Is Long-Term Disability Insurance Worth It?

Along with life insurance, long-term disability insurance may offer the best value you can find in an insurance policy. Look for a policy that offers “own occupation” coverage, which means that you can file a claim if you can’t work in your chosen field, even if you’d be capable of doing other forms of work. Filing for long-term disability is often a better option than dipping into your emergency funds or retirement savings. The money you receive from LTD is a tax-free benefit (unless you’re paying premiums through your employer with pre-tax dollars). In other words, you do not have to pay taxes on your DI benefits checks.

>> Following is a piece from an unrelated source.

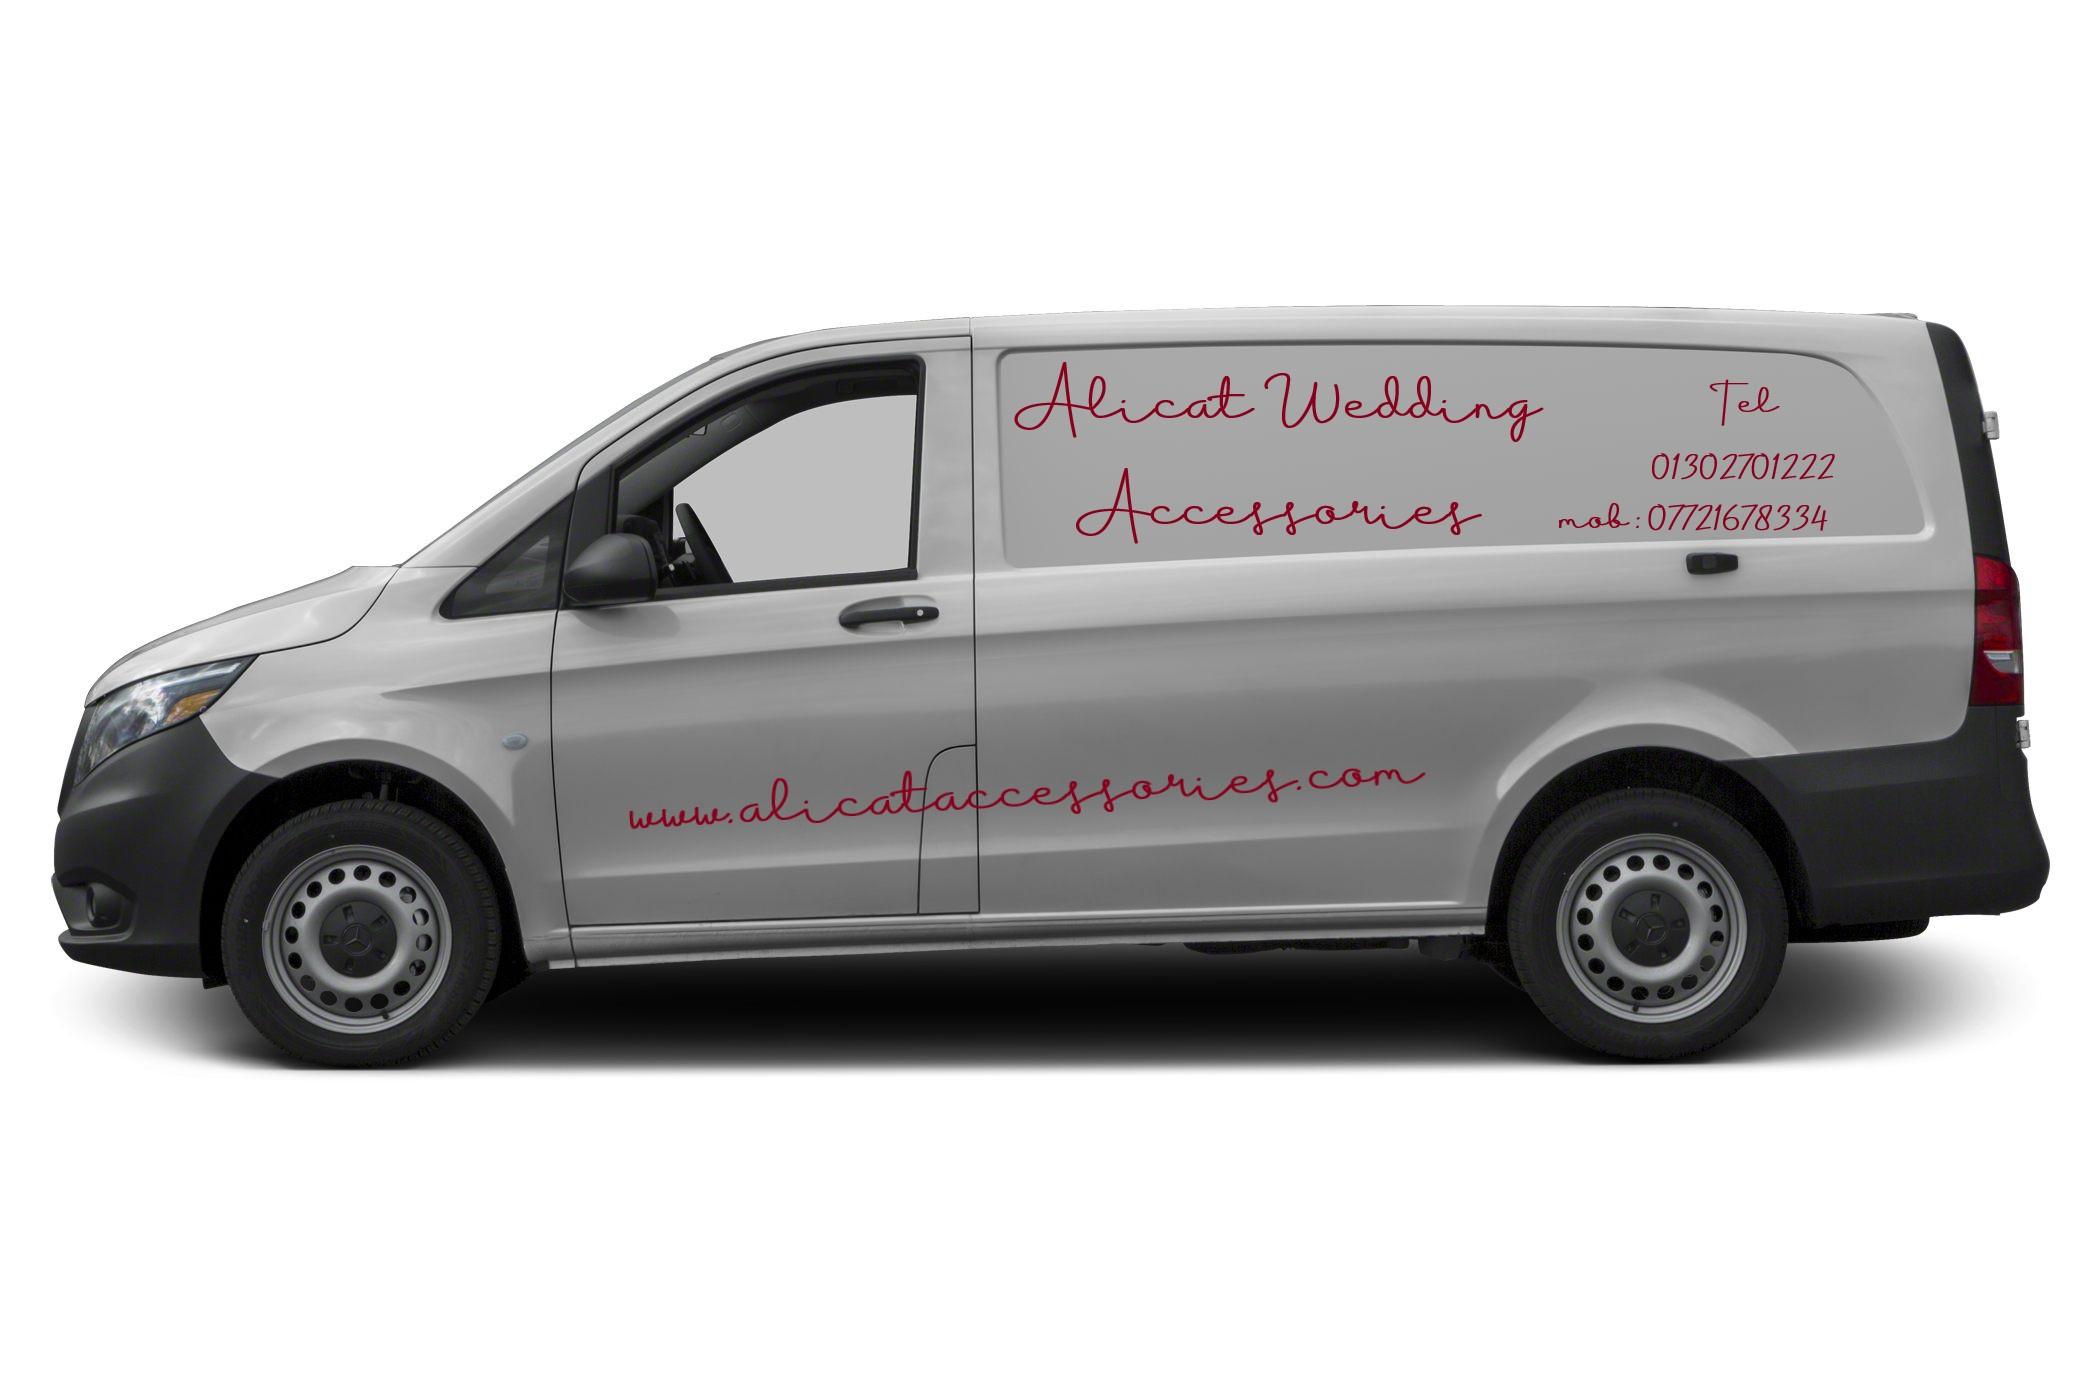 https://0201.nccdn.net/1_2/000/000/181/c3b/2016-Mercedes-Benz-Metris-Class-Minivan-Van-Base-Metris-Cargo-Van-Photo-10.png-2100x1386.jpg

Do I Need Disability Insurance If My Employer Provides Workers’ Comp?

Worker's compensation is a state-mandated, employer-funded benefit required for most employers in all states (except for Texas), but it does not replace long-term disability coverage. Workers' compensation only covers work-related injuries or illnesses, which occur at the workplace.

LTD, on the other hand, can cover injuries or illnesses that occur outside of work. Unless the injury clearly happened at work, it can be easier to use your LTD benefits than trying to prove your workers’ comp case in court.

How We Chose the Best Long-Term Disability Insurance Companies

We reviewed about two dozen of the largest and most respected disability insurers plus a few newer insurance companies to find the best options for private, long-term disability coverage. We evaluated their financial strength, policy flexibility, and customer service, as well as pricing estimates, where available, to find the best options for your needs.